FP - Eu entendo e apoio o foco nas mulheres, mas você não pode ignorar metade dos seus consumidores – muitos deles machucados e assustados. As marcas e o marketing não refletem só uma cultura, eles a moldam e devemos levar essa responsabilidade a sério.
“As marcas precisam criar produtos para o que chamo de Terceiro Corredor – nem masculino, nem feminino”
CM — O QUE ESPERAR DAQUI PARA A FRENTE NO MERCADO DE TRABALHO?
FP - As mulheres continuarão indo embora das empresas para empreender. As mulheres estão abrindo negócios em uma taxa duas vezes maior do que os homens. Elas estão migrando para comunidades de coworking lideradas por mulheres ou só para elas, como é o caso do The Riveter e The Wing. Ao menos que descubram como se relacionar com as mulheres para mantê-las felizes, os homens vão perder o talento delas dentro das corporações.
CM — COMO O PAPEL DAS MULHERES ESTÁ MUDANDO?
FP - As mulheres não precisam mais de um casamento – elas não encaram mais isso como algo vital para a sua felicidade. Elas não precisam de um marido. Como elas estão se casando mais tarde, elas passam os seus 20 e poucos anos focadas nelas próprias e nos seus trabalhos. Algumas sequer se casam e têm os amigos como sua família. A paternidade está sendo cada vez mais adiada e ignorada.
CM — “A ANDROGENIA É UMA DAS COISAS MAIS BELAS DE TODOS OS TEMPOS… E ELA É O FUTURO”. A SENHORA CONCORDA COM ESSA AFIRMAÇÃO DE VIOLET CHACHKI?
FP - Completamente. Essa é a nova fronteira para o gênero – reconhecer que todos nós temos identidades e expressões diferentes de gênero – e que isso varia dia após dia.

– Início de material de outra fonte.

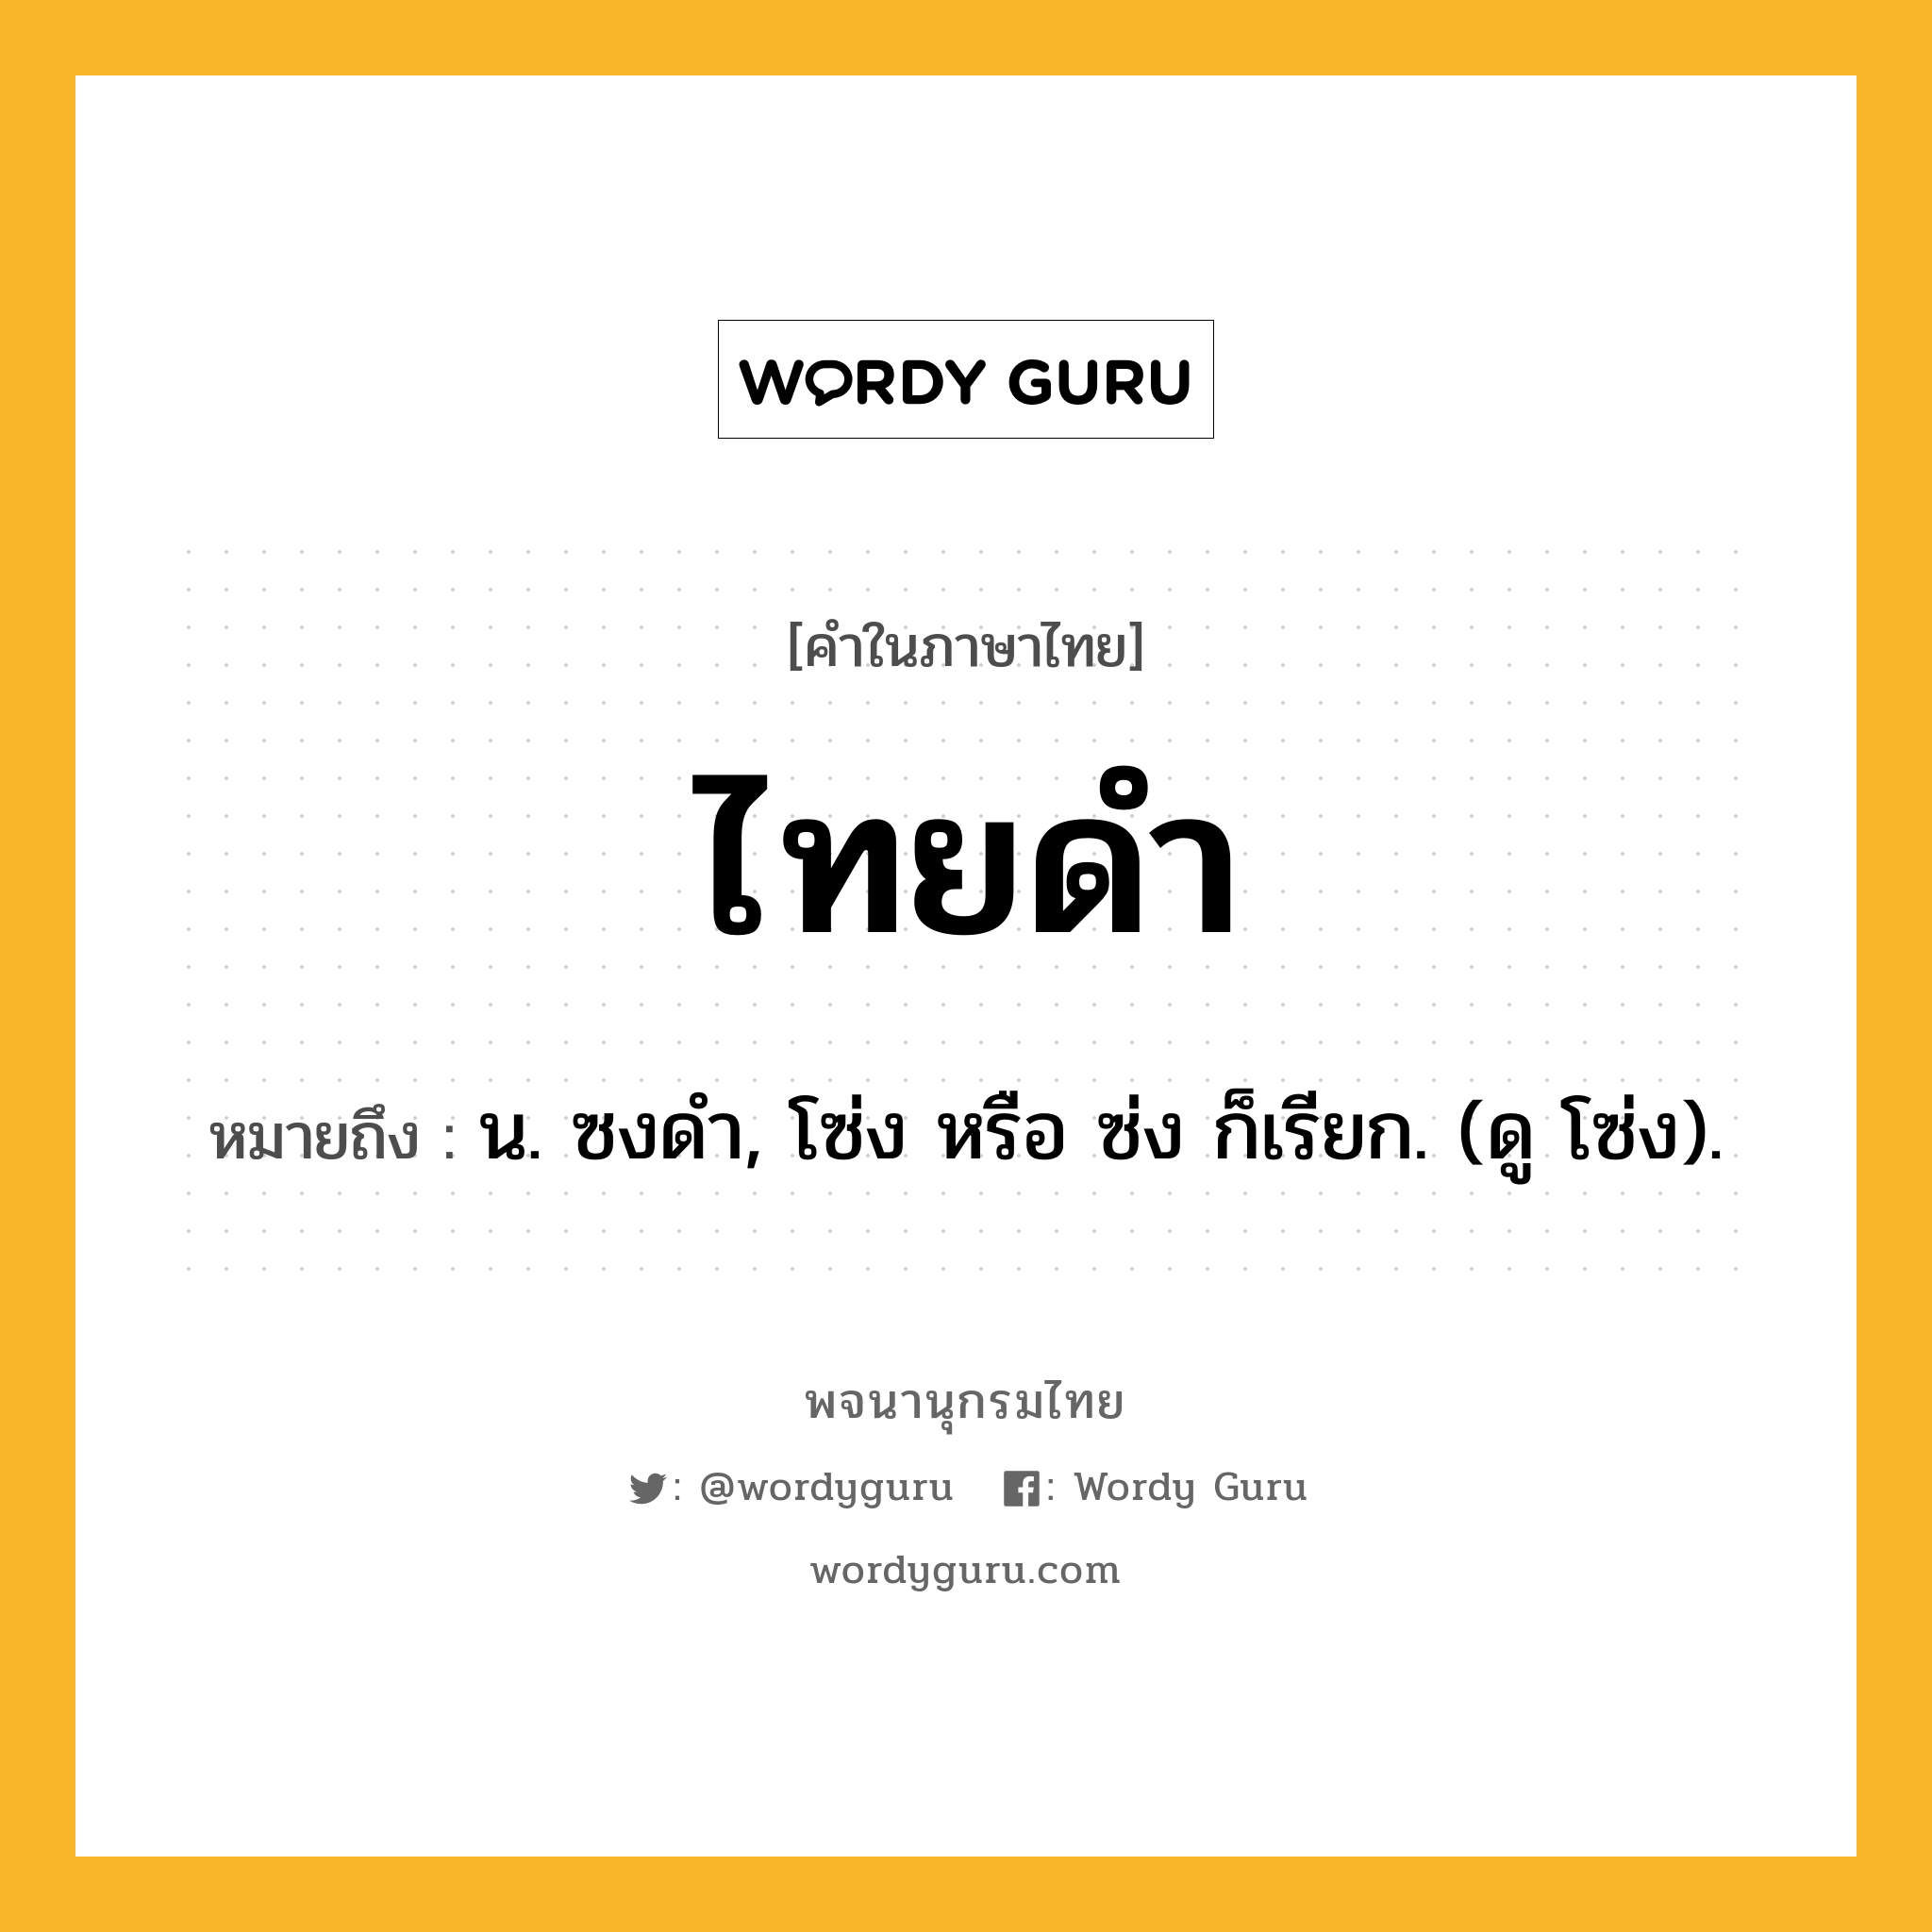 ไทยดำ ความหมาย หมายถึงอะไร?, คำในภาษาไทย ไทยดำ หมายถึง น. ซงดํา, โซ่ง หรือ ซ่ง ก็เรียก. (ดู โซ่ง).

Em um certo dia, uma pessoa irá se sentir total e tradicionalmente feminina, e no outro, macho, e depois nenhum dos dois. Devemos aceitar e nos engajar nisso – e as marcas e os profissionais de marketing precisam reformular os seus mercados e refletir sobre isso. Olhe para os produtos para cabelo do Mr. Smith. Eles são para qualquer um e, ao mesmo tempo, para todos, assim como os cosméticos da marca Jecca, que começou voltada à comunidade trans e depois se espalhou.
CM — POR FIM, HÁ ESPERANÇA PARA A MASCULINIDADE?
FP — Eu acredito que as ideias de masculinidade e feminilidade irão perder seu poder e seu valor. Ser um “homem de verdade” ou uma “mulher de verdade” – quem se importa? A geração que está surgindo está muito mais interessada na individualidade e na expressão própria. Adaptar-se a uma ideia monolítica de masculinidade é irrelevante. Mas se a masculinidade for redefinida com a feminilidade, para se tornar o melhor dos valores humanos, então há esperança.